А ближе к концу учёбы напрямую предложила остаться. Квартира большая, работу найти поможет, потом официально распишемся. Он отказался, ладно, что женщина порядочная, перешагнула через обиду и выхлопотала ему характеристику самого первого сорта.
Приехал домой, и Лизавета встречает в секторе учёта кадров, пристроилась. Любовь их взыграла, а первый секретарь Иван Минович Трыль, бывший майор СМЕРШа, мужик суровый: любовь любовью, но это непорядок, когда парторг с работницей учёта встречаются, и черт знает, какие разговоры вокруг этого идут. Дело прошлое, разговоров было много, доброжелатели даже шепнули Фёдору, что сам первый Елизавету жалует, вместе в машине их не раз видели и на лесных, и на просёлочных дорогах. Ганюшкин себя сдерживал, как будто чего-то опасался, а напрасно, если бы тогда все узнал, может, и жизнь по-другому сложилась. Хотя признавал, что не совсем справедливо свои беды только на жену списывать, были и другие обстоятельства.
Выпускника партшколы направили секретарём парткома крупнейшего совхоза, бюро обкома утверждало в должности. Трыль подчёркивал:
— Имей в виду, Фёдор, дорога для тебя открыта широкая, только чтобы на поворотах не заносило.
Фёдор отшучивался:
— Иван Минович, руль и тормоза — главные в нашем деле.

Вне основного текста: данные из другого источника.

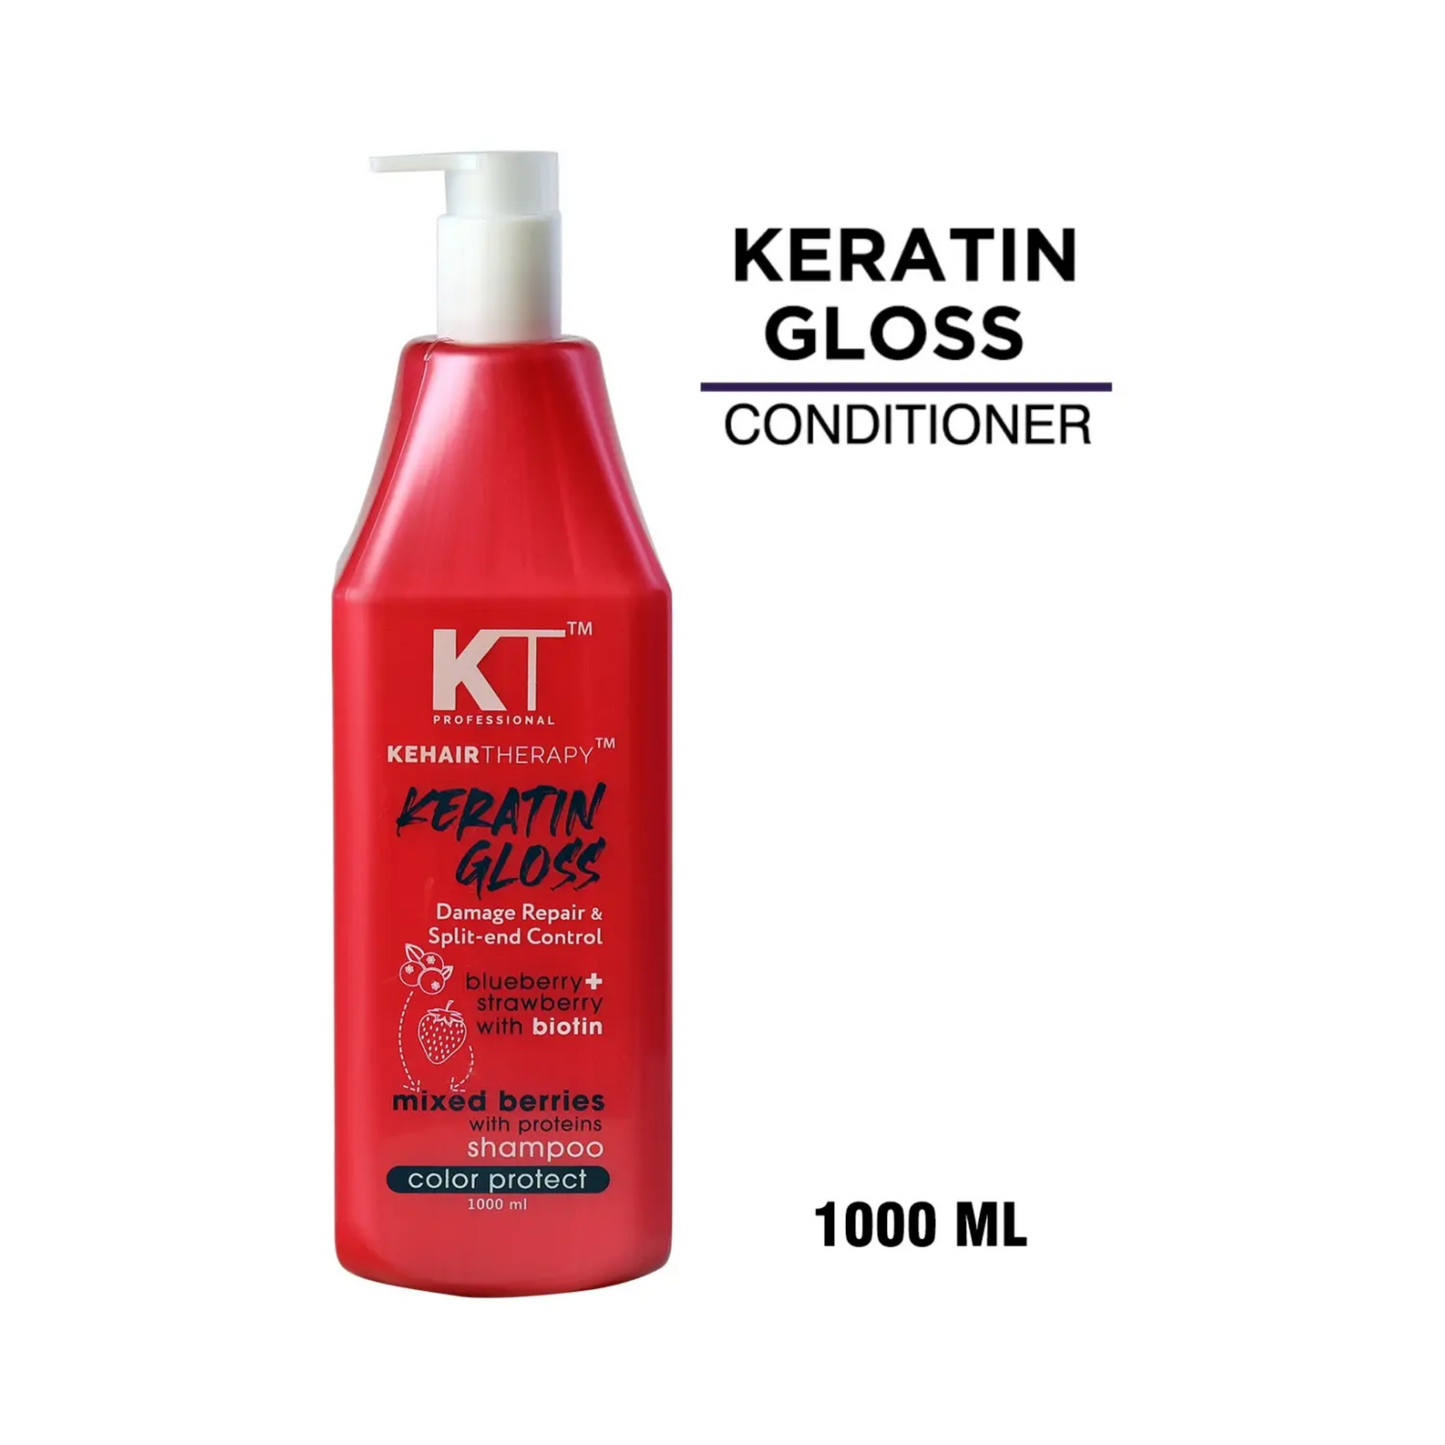 KT Professional Keratin Gloss Damage Repair & Split End Control Conditioner 1000ml
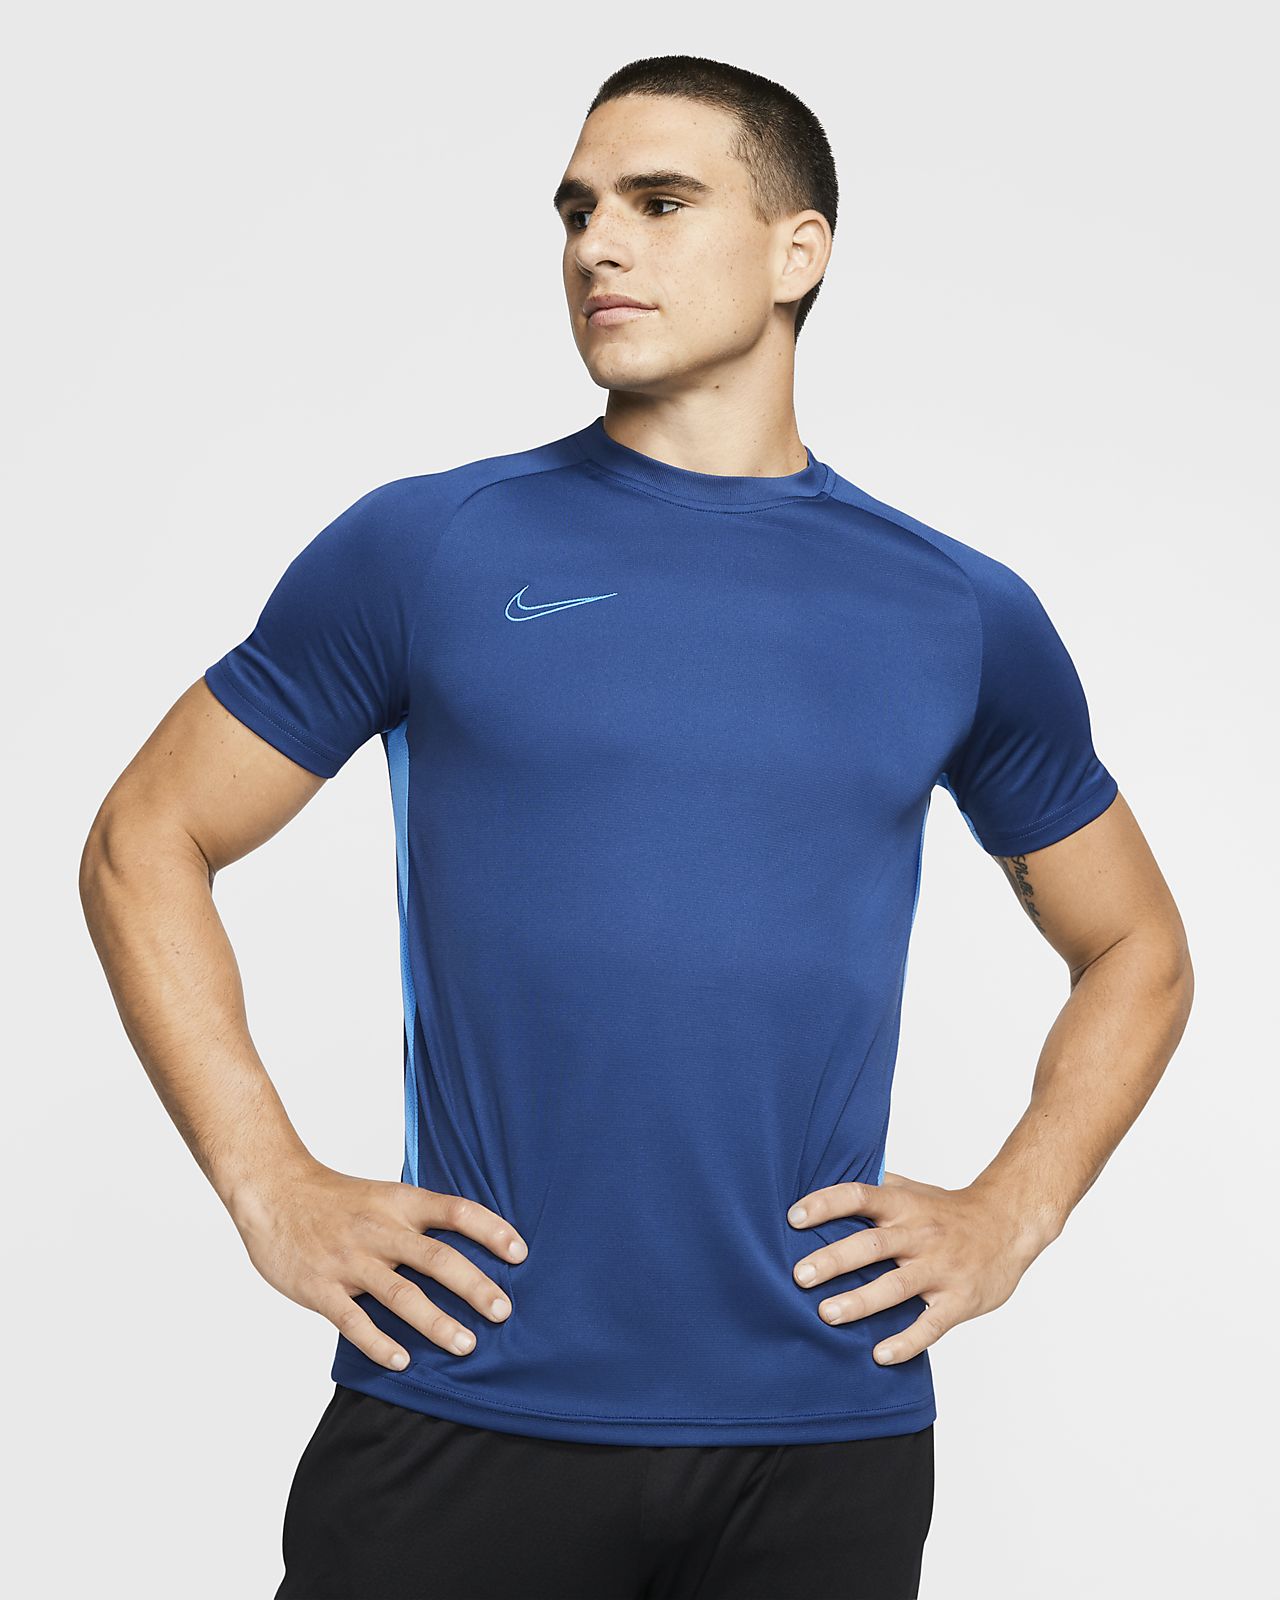 Football Short-Sleeve Top. Nike NZ

Свадьбу закатили после уборки, директор совхоза шикарный дом им построил, мебель импортную завезли. Гуляли на природе, и хоть жениху не полагается к рюмке прикладываться, не такие у него друзья были. Короче говоря, как в супружеской постели оказался, и как брачная ночь прошла — не помнит до сих пор. Утром встал, из холодильника бутылку коньяка достал, полный стакан выпил и вошёл в спальню. Лизавета его лежит усталая, на него игриво посматривает:
— Взрослый мужчина, а не знаешь, что с девушкой нельзя так в первую ночь.
— Как? — смущённо спросил он.
Она тоже смутилась:
— Ты же меня всю ночь из объятий не выпускал, утром едва в ванной отмылась.
Ганюшкин засмеялся:
— Лизанька, ты не издевайся надо мной, надо быть круглым идиотом, чтобы проспать брачную ночь.
— Ты ничего не помнишь? — изумлённо спросила она, а он видит: плохая актриса, неубедительно. И так ему горько стало: он же целый год на поводу её уговоров, что только после свадьбы, и она строила из себя недотрогу. Коньяк придал твёрдости и достоинства, уже не в первый раз:
— В объятьях я тебя не держал, Лиза, может, это и хорошо. Зато знаю теперь… А как ты убедительно невинность разыгрывала, помнишь новогоднюю ночь? Я даже усомниться не мог. С такого подлого обмана жить начинать нельзя. Кстати, ты знаешь первооткрывателя Америки?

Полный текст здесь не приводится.